##### Excerpted records #####
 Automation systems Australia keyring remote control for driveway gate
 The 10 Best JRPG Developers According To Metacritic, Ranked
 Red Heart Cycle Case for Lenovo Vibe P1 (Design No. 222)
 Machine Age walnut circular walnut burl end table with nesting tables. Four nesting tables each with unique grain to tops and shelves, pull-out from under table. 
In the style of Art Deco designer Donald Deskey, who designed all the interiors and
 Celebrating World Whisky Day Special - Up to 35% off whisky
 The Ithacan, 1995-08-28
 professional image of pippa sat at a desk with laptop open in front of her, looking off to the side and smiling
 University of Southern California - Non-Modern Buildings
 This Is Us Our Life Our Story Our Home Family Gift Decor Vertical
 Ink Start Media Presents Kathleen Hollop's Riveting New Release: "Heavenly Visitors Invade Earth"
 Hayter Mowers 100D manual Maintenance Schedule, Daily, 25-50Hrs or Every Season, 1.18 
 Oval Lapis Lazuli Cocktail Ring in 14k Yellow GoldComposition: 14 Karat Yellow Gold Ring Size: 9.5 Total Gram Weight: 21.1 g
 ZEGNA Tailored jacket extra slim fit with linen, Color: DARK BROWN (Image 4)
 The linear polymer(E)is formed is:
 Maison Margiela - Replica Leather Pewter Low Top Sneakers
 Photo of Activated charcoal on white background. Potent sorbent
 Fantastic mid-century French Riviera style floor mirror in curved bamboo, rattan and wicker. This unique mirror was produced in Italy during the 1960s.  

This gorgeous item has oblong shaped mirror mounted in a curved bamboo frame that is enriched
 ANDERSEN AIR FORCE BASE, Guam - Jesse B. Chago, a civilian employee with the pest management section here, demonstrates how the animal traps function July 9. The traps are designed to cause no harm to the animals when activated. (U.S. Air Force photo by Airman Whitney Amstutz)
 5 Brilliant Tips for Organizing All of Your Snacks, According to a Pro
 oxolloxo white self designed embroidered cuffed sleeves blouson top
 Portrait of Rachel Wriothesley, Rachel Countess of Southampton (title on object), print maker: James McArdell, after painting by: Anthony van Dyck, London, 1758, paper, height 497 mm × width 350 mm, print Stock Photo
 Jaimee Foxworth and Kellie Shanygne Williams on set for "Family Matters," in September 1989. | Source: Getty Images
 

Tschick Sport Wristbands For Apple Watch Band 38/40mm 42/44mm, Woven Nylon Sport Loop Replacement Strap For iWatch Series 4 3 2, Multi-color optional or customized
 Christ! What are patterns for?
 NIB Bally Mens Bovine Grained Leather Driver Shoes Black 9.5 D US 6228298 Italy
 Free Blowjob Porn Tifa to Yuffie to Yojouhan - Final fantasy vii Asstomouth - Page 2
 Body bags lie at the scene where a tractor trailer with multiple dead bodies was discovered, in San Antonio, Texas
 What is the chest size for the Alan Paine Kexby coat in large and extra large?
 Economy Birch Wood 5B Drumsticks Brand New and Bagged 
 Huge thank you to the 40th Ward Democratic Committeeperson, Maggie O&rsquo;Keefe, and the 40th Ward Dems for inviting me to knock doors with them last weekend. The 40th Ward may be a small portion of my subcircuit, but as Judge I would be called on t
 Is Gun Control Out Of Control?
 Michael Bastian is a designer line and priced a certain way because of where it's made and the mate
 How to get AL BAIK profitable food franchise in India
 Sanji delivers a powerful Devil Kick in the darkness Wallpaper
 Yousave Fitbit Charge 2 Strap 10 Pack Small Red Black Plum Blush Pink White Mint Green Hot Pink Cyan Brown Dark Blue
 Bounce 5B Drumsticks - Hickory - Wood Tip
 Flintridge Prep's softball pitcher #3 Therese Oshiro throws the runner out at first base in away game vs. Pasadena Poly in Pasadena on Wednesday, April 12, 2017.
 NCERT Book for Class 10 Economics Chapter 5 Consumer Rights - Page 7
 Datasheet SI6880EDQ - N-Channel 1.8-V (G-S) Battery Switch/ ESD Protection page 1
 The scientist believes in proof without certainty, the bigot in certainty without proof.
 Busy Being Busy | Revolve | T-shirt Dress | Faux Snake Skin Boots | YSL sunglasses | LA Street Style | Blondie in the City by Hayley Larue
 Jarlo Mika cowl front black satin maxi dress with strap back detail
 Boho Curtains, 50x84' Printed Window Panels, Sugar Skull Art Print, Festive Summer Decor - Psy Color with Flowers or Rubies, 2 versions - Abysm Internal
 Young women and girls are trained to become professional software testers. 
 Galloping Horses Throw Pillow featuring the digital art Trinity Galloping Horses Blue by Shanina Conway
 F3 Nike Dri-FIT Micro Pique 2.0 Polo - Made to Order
#####
• [Your objective]
Please give back the entries above, unchanged and complete.

• [Exercise result]
 Automation systems Australia keyring remote control for driveway gate
 The 10 Best JRPG Developers According To Metacritic, Ranked
 Red Heart Cycle Case for Lenovo Vibe P1 (Design No. 222)
 Machine Age walnut circular walnut burl end table with nesting tables. Four nesting tables each with unique grain to tops and shelves, pull-out from under table. 
In the style of Art Deco designer Donald Deskey, who designed all the interiors and
 Celebrating World Whisky Day Special - Up to 35% off whisky
 The Ithacan, 1995-08-28
 professional image of pippa sat at a desk with laptop open in front of her, looking off to the side and smiling
 University of Southern California - Non-Modern Buildings
 This Is Us Our Life Our Story Our Home Family Gift Decor Vertical
 Ink Start Media Presents Kathleen Hollop's Riveting New Release: "Heavenly Visitors Invade Earth"
 Hayter Mowers 100D manual Maintenance Schedule, Daily, 25-50Hrs or Every Season, 1.18 
 Oval Lapis Lazuli Cocktail Ring in 14k Yellow GoldComposition: 14 Karat Yellow Gold Ring Size: 9.5 Total Gram Weight: 21.1 g
 ZEGNA Tailored jacket extra slim fit with linen, Color: DARK BROWN (Image 4)
 The linear polymer(E)is formed is:
 Maison Margiela - Replica Leather Pewter Low Top Sneakers
 Photo of Activated charcoal on white background. Potent sorbent
 Fantastic mid-century French Riviera style floor mirror in curved bamboo, rattan and wicker. This unique mirror was produced in Italy during the 1960s.  

This gorgeous item has oblong shaped mirror mounted in a curved bamboo frame that is enriched
 ANDERSEN AIR FORCE BASE, Guam - Jesse B. Chago, a civilian employee with the pest management section here, demonstrates how the animal traps function July 9. The traps are designed to cause no harm to the animals when activated. (U.S. Air Force photo by Airman Whitney Amstutz)
 5 Brilliant Tips for Organizing All of Your Snacks, According to a Pro
 oxolloxo white self designed embroidered cuffed sleeves blouson top
 Portrait of Rachel Wriothesley, Rachel Countess of Southampton (title on object), print maker: James McArdell, after painting by: Anthony van Dyck, London, 1758, paper, height 497 mm × width 350 mm, print Stock Photo
 Jaimee Foxworth and Kellie Shanygne Williams on set for "Family Matters," in September 1989. | Source: Getty Images
 

Tschick Sport Wristbands For Apple Watch Band 38/40mm 42/44mm, Woven Nylon Sport Loop Replacement Strap For iWatch Series 4 3 2, Multi-color optional or customized
 Christ! What are patterns for?
 NIB Bally Mens Bovine Grained Leather Driver Shoes Black 9.5 D US 6228298 Italy
 Free Blowjob Porn Tifa to Yuffie to Yojouhan - Final fantasy vii Asstomouth - Page 2
 Body bags lie at the scene where a tractor trailer with multiple dead bodies was discovered, in San Antonio, Texas
 What is the chest size for the Alan Paine Kexby coat in large and extra large?
 Economy Birch Wood 5B Drumsticks Brand New and Bagged 
 Huge thank you to the 40th Ward Democratic Committeeperson, Maggie O&rsquo;Keefe, and the 40th Ward Dems for inviting me to knock doors with them last weekend. The 40th Ward may be a small portion of my subcircuit, but as Judge I would be called on t
 Is Gun Control Out Of Control?
 Michael Bastian is a designer line and priced a certain way because of where it's made and the mate
 How to get AL BAIK profitable food franchise in India
 Sanji delivers a powerful Devil Kick in the darkness Wallpaper
 Yousave Fitbit Charge 2 Strap 10 Pack Small Red Black Plum Blush Pink White Mint Green Hot Pink Cyan Brown Dark Blue
 Bounce 5B Drumsticks - Hickory - Wood Tip
 Flintridge Prep's softball pitcher #3 Therese Oshiro throws the runner out at first base in away game vs. Pasadena Poly in Pasadena on Wednesday, April 12, 2017.
 NCERT Book for Class 10 Economics Chapter 5 Consumer Rights - Page 7
 Datasheet SI6880EDQ - N-Channel 1.8-V (G-S) Battery Switch/ ESD Protection page 1
 The scientist believes in proof without certainty, the bigot in certainty without proof.
 Busy Being Busy | Revolve | T-shirt Dress | Faux Snake Skin Boots | YSL sunglasses | LA Street Style | Blondie in the City by Hayley Larue
 Jarlo Mika cowl front black satin maxi dress with strap back detail
 Boho Curtains, 50x84' Printed Window Panels, Sugar Skull Art Print, Festive Summer Decor - Psy Color with Flowers or Rubies, 2 versions - Abysm Internal
 Young women and girls are trained to become professional software testers. 
 Galloping Horses Throw Pillow featuring the digital art Trinity Galloping Horses Blue by Shanina Conway
 F3 Nike Dri-FIT Micro Pique 2.0 Polo - Made to Order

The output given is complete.